Note
Click here to download the full example code
MRI Reconstruction
This guide demonstrates how to perform MRI reconstruction using torchlinops with three key components:
- NUFFT: Non-uniform Fast Fourier Transform for radial sampling
- Dense operator: Multi-coil sensitivity encoding
- Diagonal operator: Density compensation for radial trajectories
Problem Formulation
The MRI forward model can be written as:
\[y = E F S x + n\]
Where:
- \(S\): coil sensitivities (Dense operator)

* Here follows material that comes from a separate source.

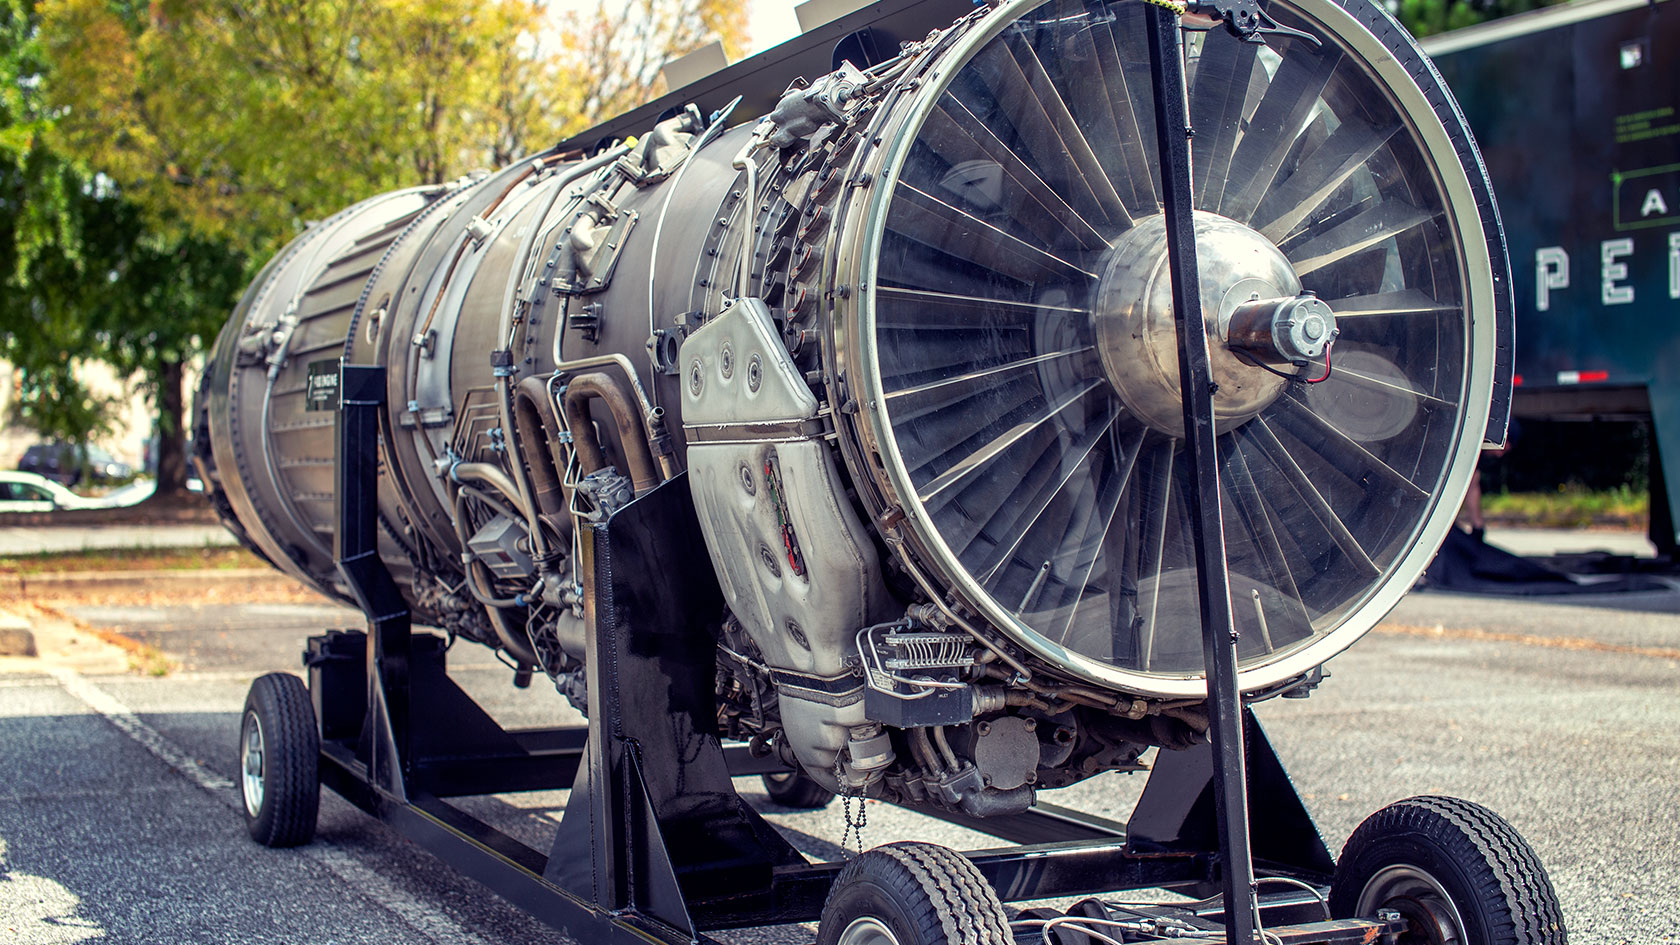 Large plane engine turbine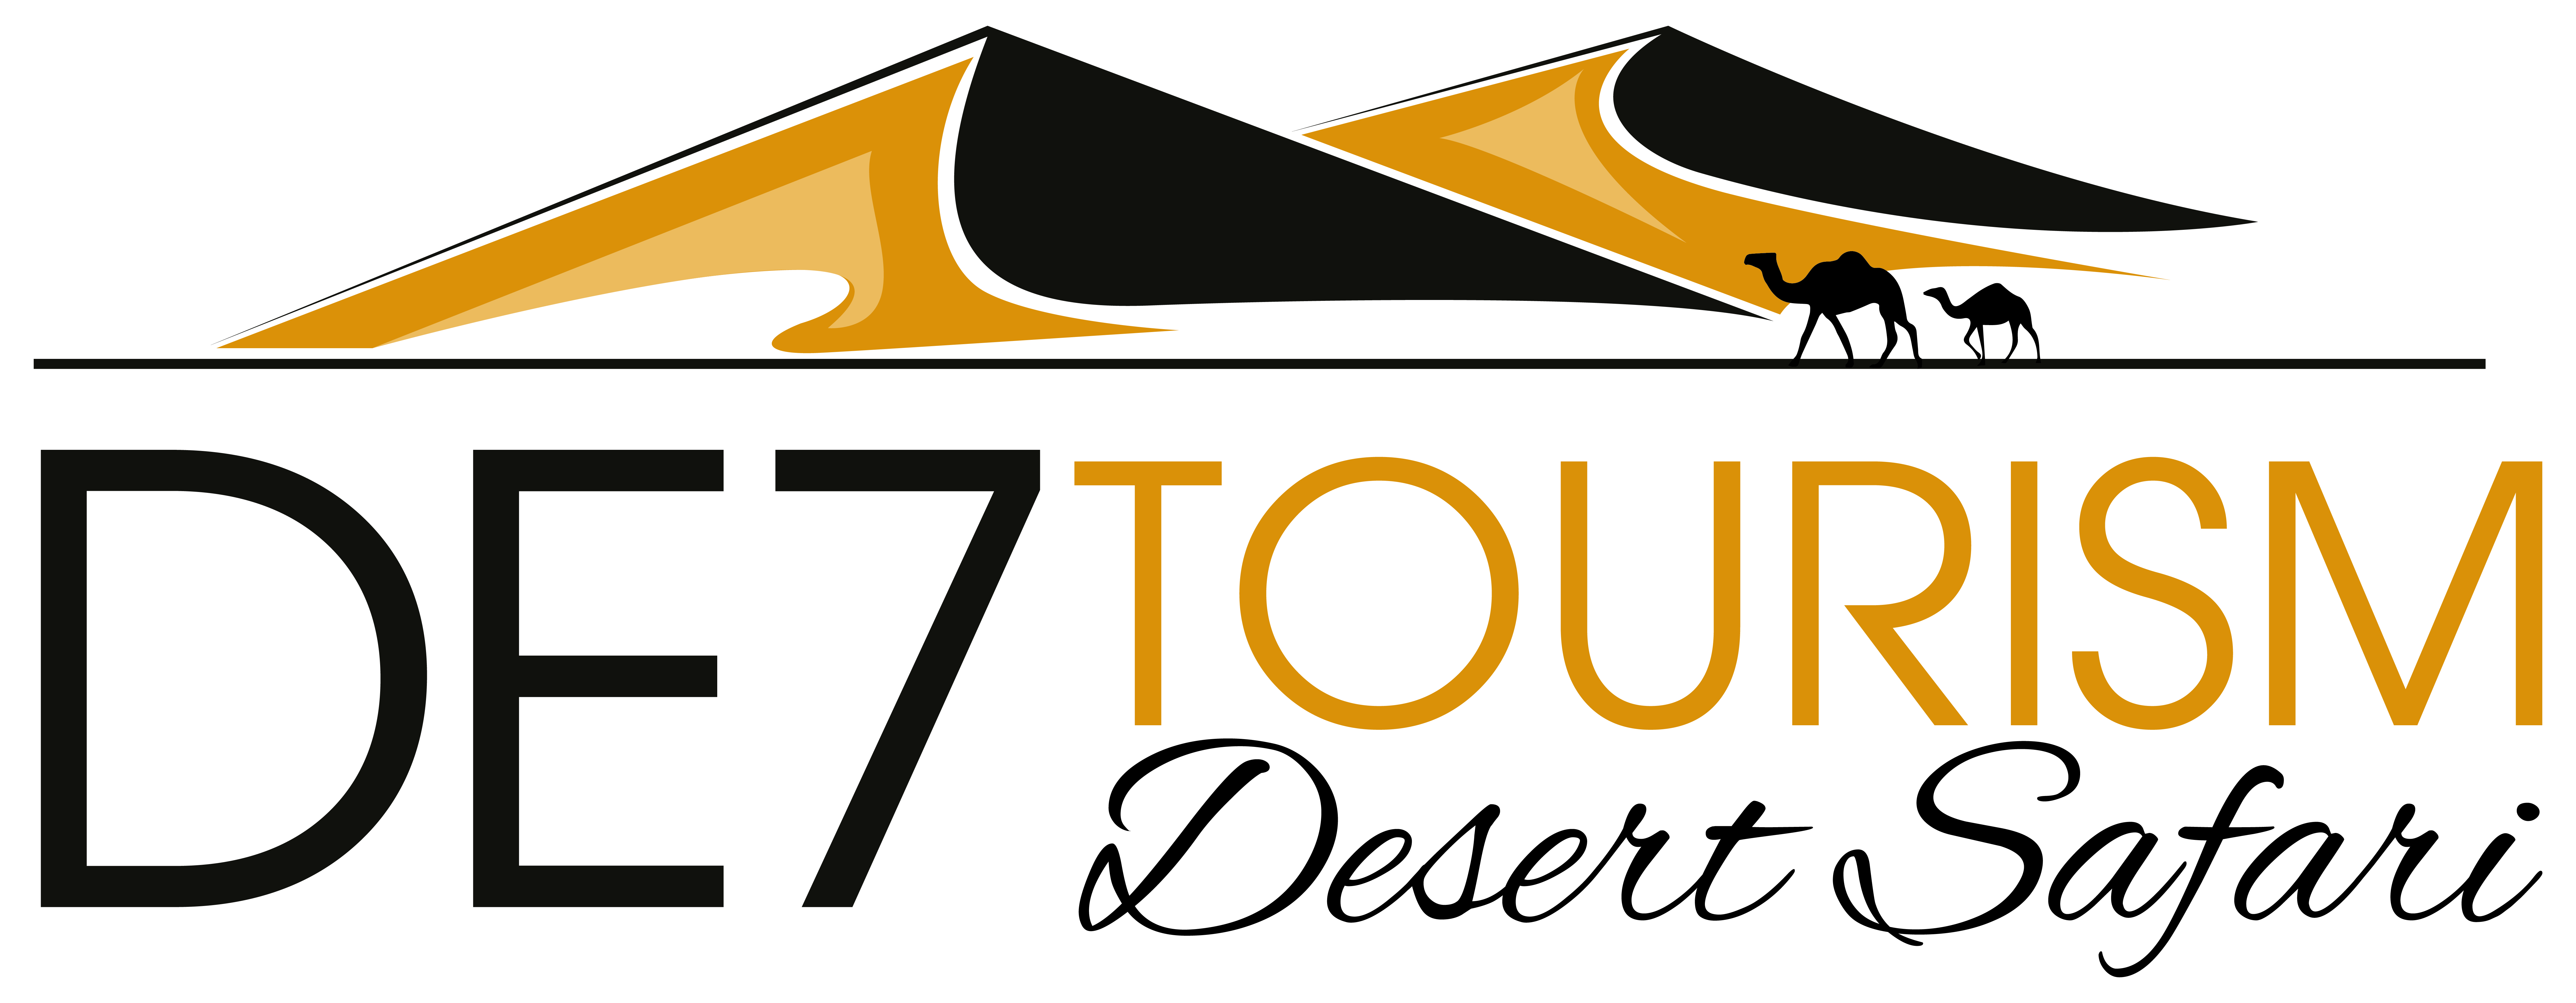 de7tourism

- \(F\): NUFFT (non-uniform FFT)
- \(E\): density compensation (Diagonal operator)
- \(x\): image to reconstruct
- \(y\): acquired k-space data
- \(n\): noise
The reconstruction solves the least-squares problem:
\[\min_x \|A x - y\|_2^2\]
where \(A = E F S\) is the combined forward operator.
Setup and Imports
import sys
import warnings
import matplotlib.pyplot as plt
import torch
from torchlinops import NUFFT, Dense, Diagonal, Dim
from torchlinops.alg import conjugate_gradients, power_method
# Set random seed for reproducibility
torch.manual_seed(42)
# Ignore warnings
warnings.filterwarnings("ignore", message=r".*FigureCanvasAgg.*")

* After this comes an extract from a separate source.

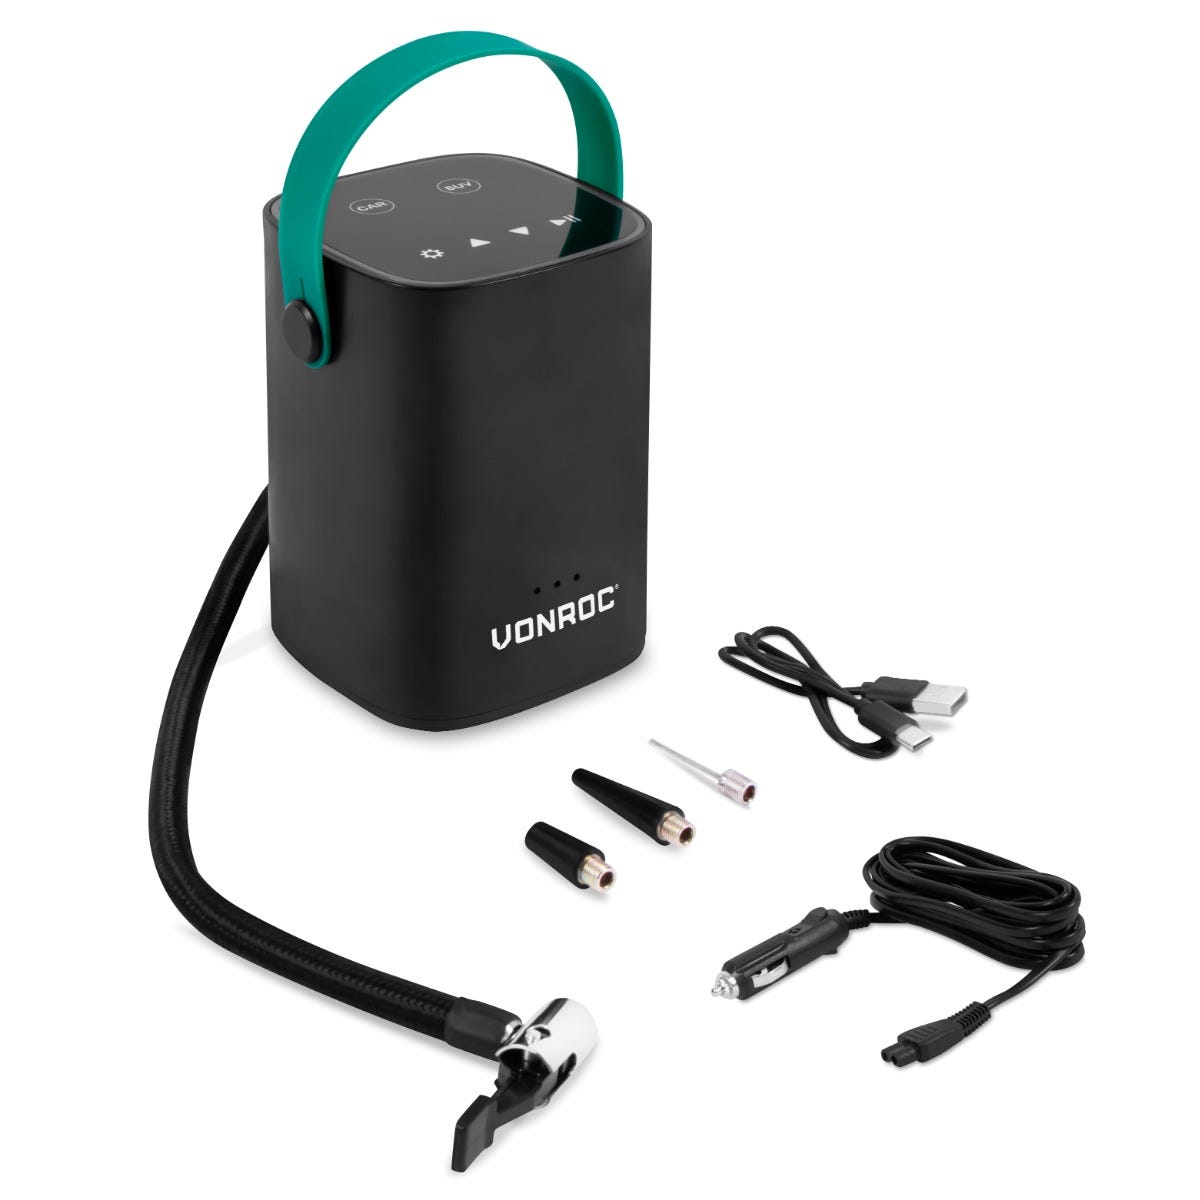 Compressore portatile mini VONROC 12V 7 bar / 101 PSI per auto, moto e  bici. Con batteria integrata da 2.0Ah. Display digitale / manometro

# Reconstruction parameters
image_size = (128, 128) # 2D image dimensions
num_coils = 8 # Number of receiver coils
num_spokes = 37 # Number of radial spokes
num_readouts = 256 # Readout points per spoke
noise_level = 1e-5 # Additive noise level
use_cartesian = False # Use Cartesian trajectory for debugging
Helper Functions
We define the helper functions here for generating trajectories, sensitivities, and density compensation weights.
def generate_radial_trajectory(num_spokes, num_readouts, grid_size):
"""Generate radial k-space trajectory.
Parameters
----------
num_spokes : int
Number of radial spokes
num_readouts : int
Number of readout points per spoke
grid_size : tuple
Image grid size (Nx, Ny)
Returns
-------
torch.Tensor
K-space locations with shape (num_spokes * num_readouts, 2)
"""
Nx, Ny = grid_size
max_radius = min(Nx, Ny) // 2
# Generate angles for each spoke (evenly distributed around circle)

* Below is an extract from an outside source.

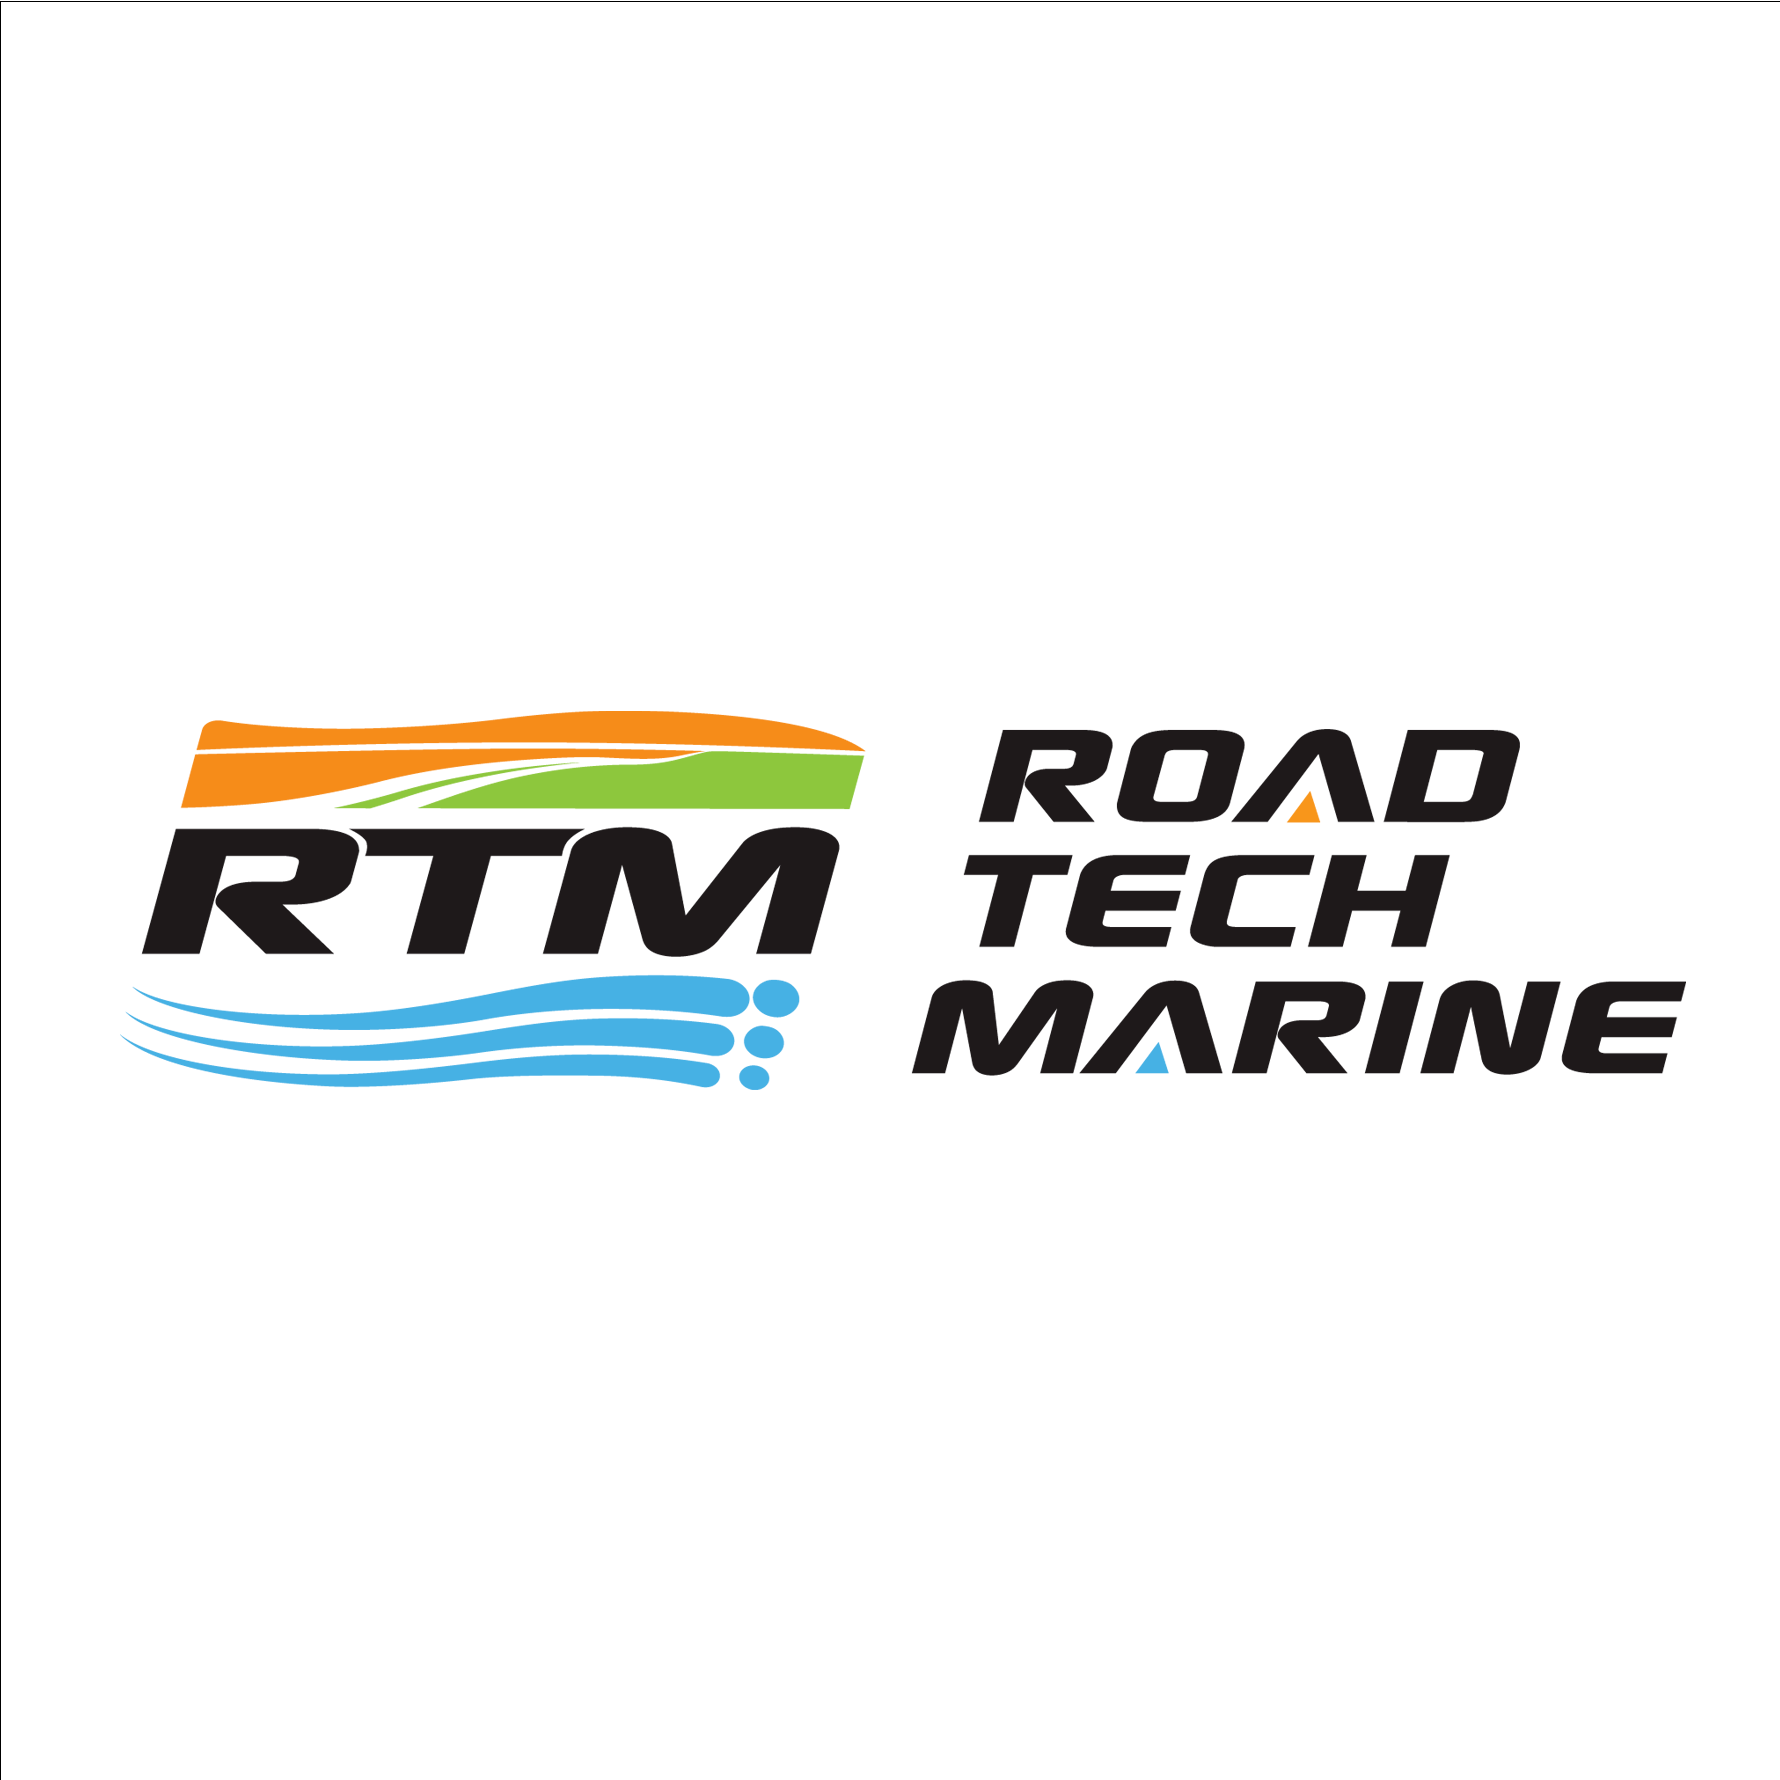 RTM - Road Tech Marine Penrith Logo

# Note: endpoint=False not available in older PyTorch, so we exclude last point manually
angles = torch.linspace(0, 2 * torch.pi, num_spokes + 1)[:-1]
# Generate readout positions (from -max_radius to +max_radius)
readout_pos = torch.linspace(-max_radius, max_radius, num_readouts)
# Initialize trajectory
locs = torch.zeros(num_spokes * num_readouts, 2)
# Fill trajectory
for i, angle in enumerate(angles):
start_idx = i * num_readouts
end_idx = (i + 1) * num_readouts
# Convert to Cartesian coordinates
x = readout_pos * torch.cos(angle)
y = readout_pos * torch.sin(angle)
locs[start_idx:end_idx, 0] = x
locs[start_idx:end_idx, 1] = y
# Normalize to [-0.5, 0.5] range (standard for NUFFT)
locs = locs / (2 * max_radius)
return locs
def generate_cartesian_trajectory(grid_size, oversamp=2.0):
"""Generate Cartesian k-space trajectory.
Parameters
----------
grid_size : tuple
Image grid size (Nx, Ny)
Returns
-------
torch.Tensor
K-space locations with shape (Nx * Ny, 2)
"""
Nx, Ny = grid_size
x = torch.linspace(-0.5, 0.5, int(Nx * oversamp))
y = torch.linspace(-0.5, 0.5, int(Ny * oversamp))
X, Y = torch.meshgrid(x, y, indexing="ij")
locs = torch.stack([X.flatten(), Y.flatten()], dim=1)
return locs
def generate_gaussian_coil_sensitivities(grid_size, num_coils):
"""Generate Gaussian coil sensitivity maps.
Parameters
----------
grid_size : tuple
Image grid size (Nx, Ny)
num_coils : int
Number of receiver coils
Returns
-------
torch.Tensor
Coil sensitivity maps with shape (num_coils, Nx, Ny)
"""
Nx, Ny = grid_size
# Create coordinate grids
x = torch.linspace(-0.5, 0.5, Nx)
y = torch.linspace(-0.5, 0.5, Ny)
X, Y = torch.meshgrid(x, y, indexing="ij")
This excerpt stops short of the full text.